Confidential, Tallahassee, Florida

HIPAA Privacy/Security Project Manager

Responsibilities:

• As Project Manager worked directly with HIPAA Privacy Officer, Senior Management, and system experts by laying the foundation for HIPAA Security and Sarbanes-Oxley compliance analysis, documentation, strategies/recommendations and a documented plan for HIPAA and SOX 404 compliance, including a Business Continuity Plan (BCP).

Confidential, Indianapolis, Indiana

HIPAA Privacy/Security Project Manager

Responsibilities:

• Responsible for identifying and implementing Privacy and Security audit controls to mitigate risk ensuring the confidentiality, integrity, and availability of data privacy and the privacy of a Confidential t’s Protected Health Information. Performed Privacy and Security Rule Risk Assessments.
• Developed 18 security policies, standards, guidelines, and procedures across four regions.

Confidential, Atlanta, Georgia

Information Security Consultant / Technical Writer

Responsibilities:

• As Information Security Architect and team member of six (6) under the guidance of the CIO, successfully created a state of the art Security Operations Center that monitored all DOR sensitive data to include the privacy of Georgia citizens private tax records.
• Developed and Managed DOR incident response center. Ensured the implementation of overall security measures, in accordance with Internal Revenue Service (IRS) procedures.
• Developed the IT Audit strategy, policies, and procedures which became the foundation of security for the State of Georgia and were implemented in 128 State of Georgia Agencies. The Audit policy was incorporated into the Internal Revenue Service 1075 Publication.
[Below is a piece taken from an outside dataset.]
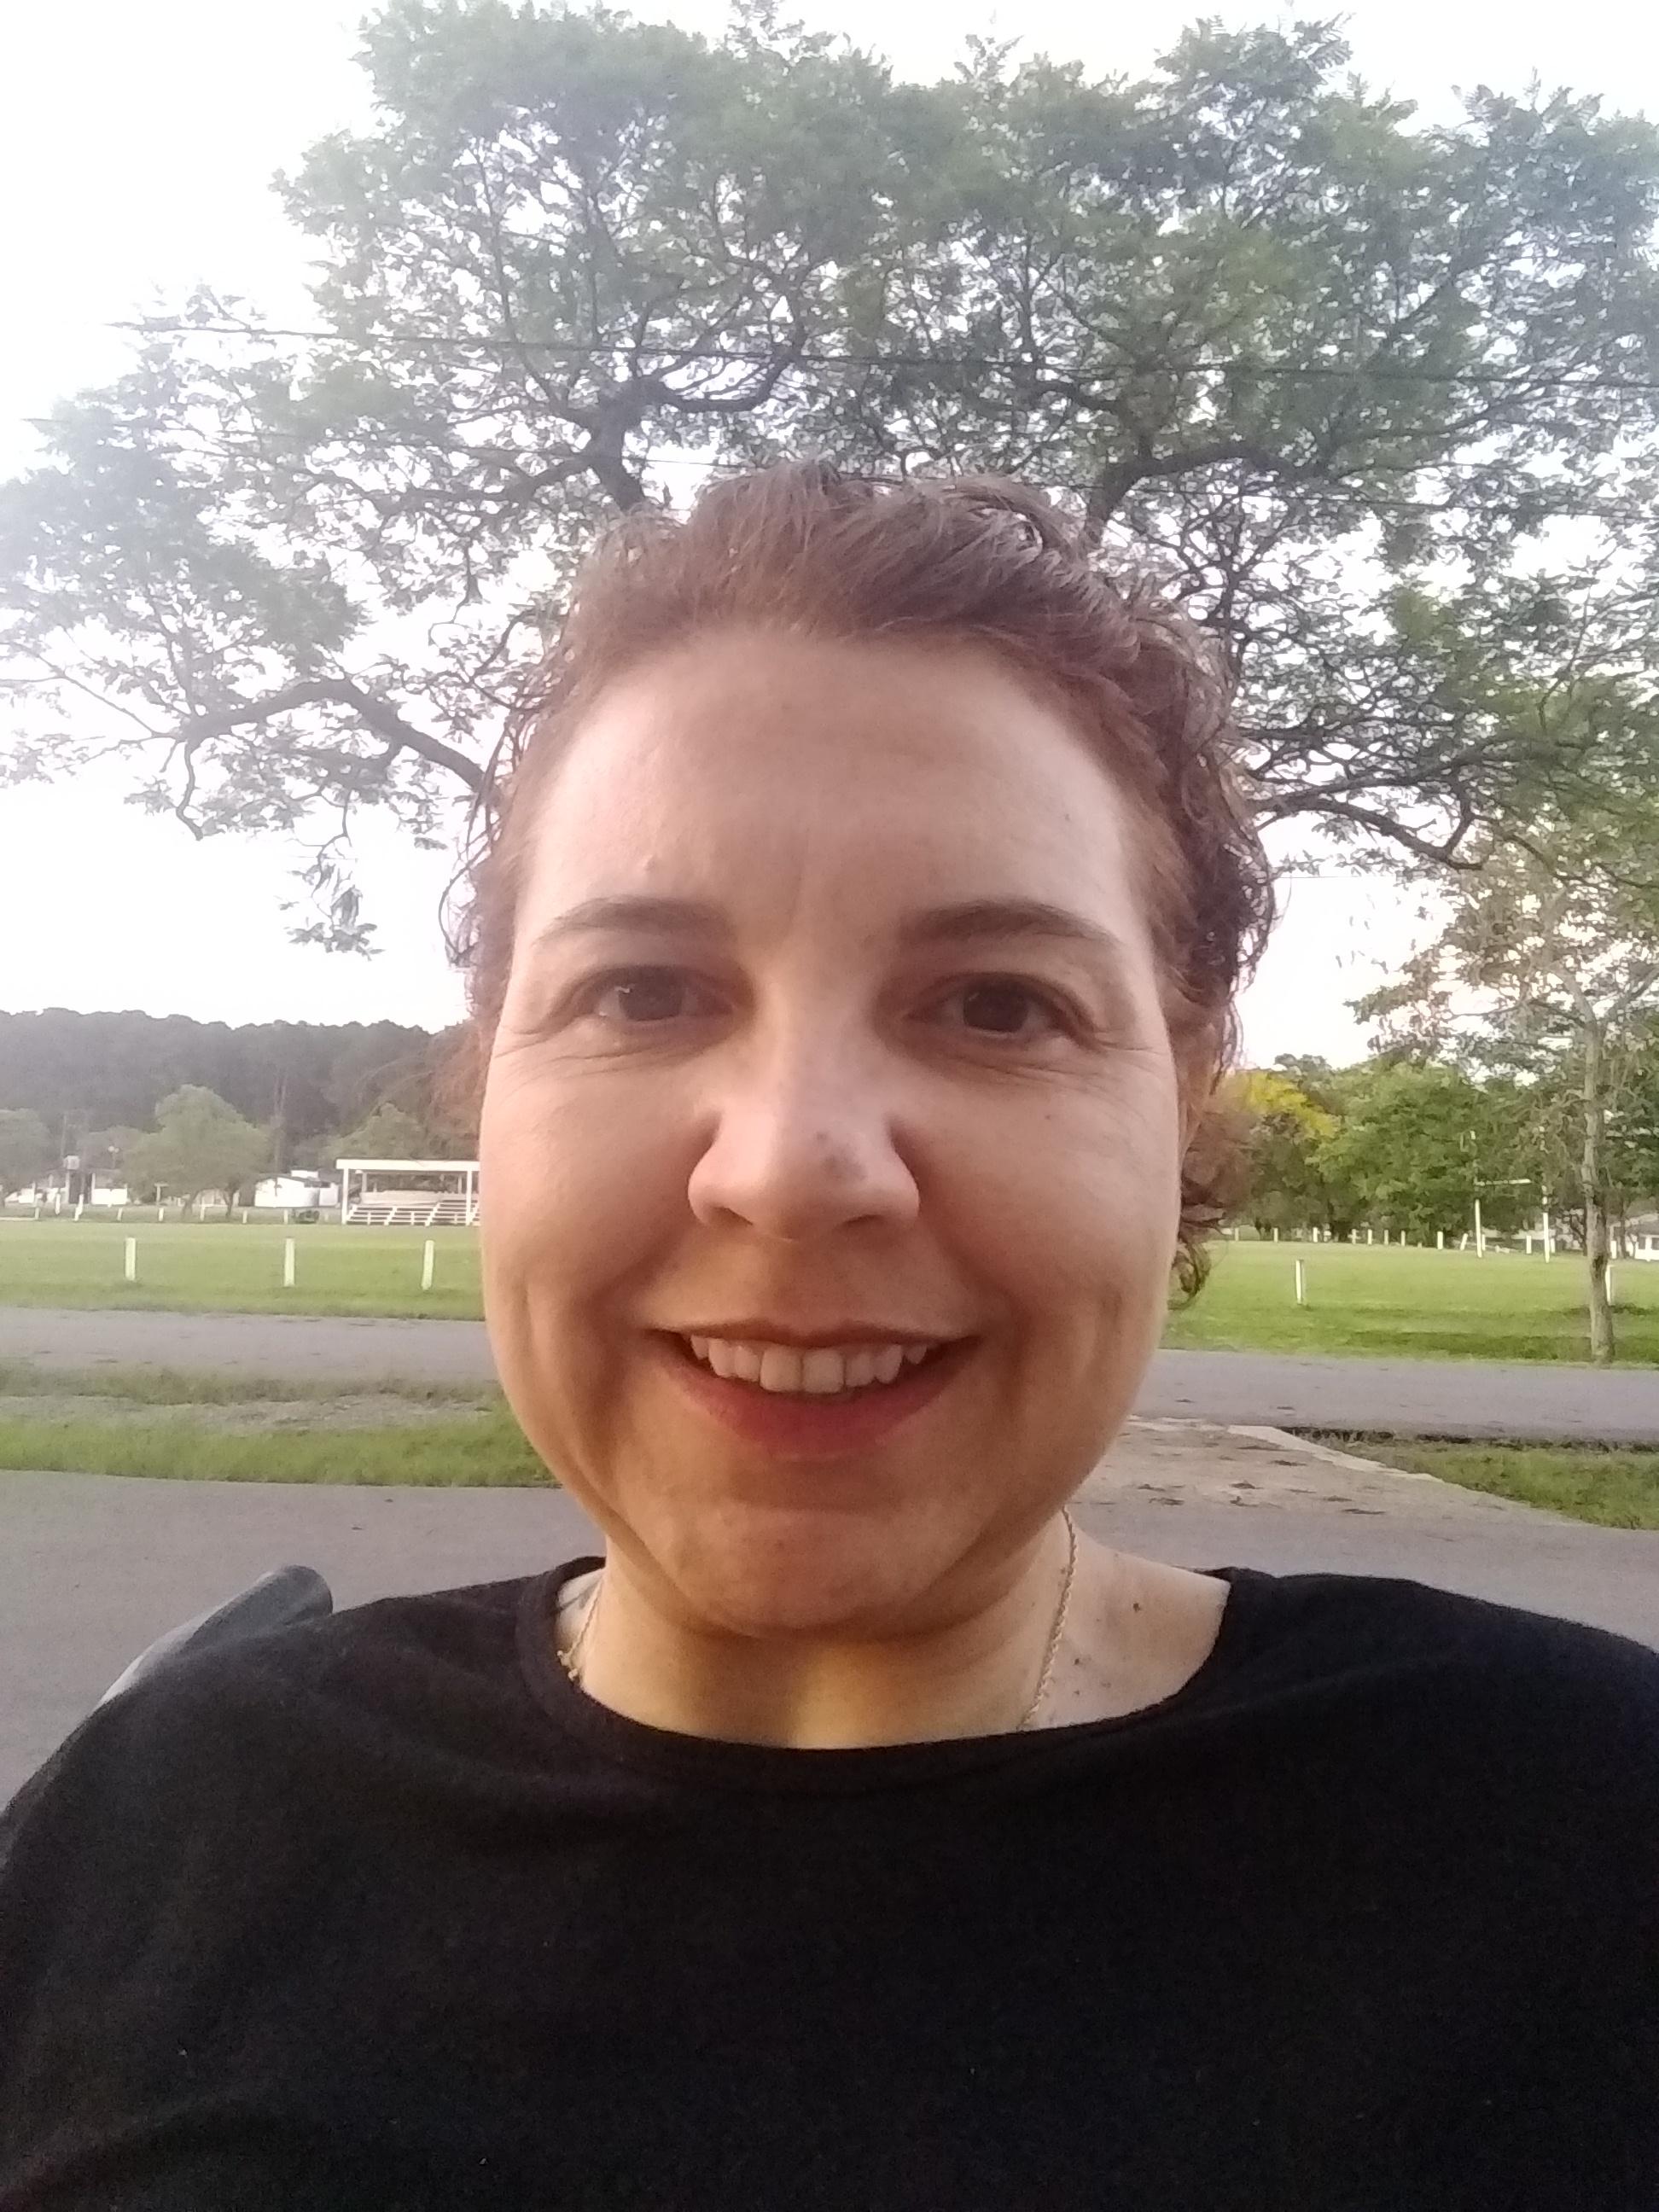 Na foto estou em um parque, sou morena clara, olhos castanhos, cabelos curtos. Estou sorrindo.

Confidential, Alameda, California

Chief Information Security Officer

Responsibilities:

• As Manager of a Networked Security Engineer team of four (4) reporting to the Vice President successfully roll-out a Security Operations Center under budget saving the company 1.2 million dollars.
• Managed the day-to-day client policy configuration, change control, firewall, revision control, and recommended and implemented actions for increased security protection in a 24/7 Network Operation Center (NOC). Serviced continuance strategies and plans during security attacks. Drafted high-level, tactical, and strategic recommendations for security requirements. Developed NOC Operations Manual that included 27 NOC policies and procedures.

Confidential

Technical Technician

Responsibilities:

• As Information Security Subject Matter Expert developed the three-week (3) IT-2779 Information System Security Manager (ISSM) course consisting of 31 INFOSEC topics at the master level supporting the Confidential ( Confidential ) and Information Security (INFOSEC) Program Operational requirements for the DoD.
• As Information Systems Security Manager acted as Security Committee Steering Chair on SDLC development life cycle projects for five (5) Research and Development centers with over 750 applications of which 273 were sensitive or critical.
• As Project Manager, managed all phases of system design technical specifications on nine (9) High and Moderate level-impact systems using NIST SP Security Considerations in the System Development Life Cycle.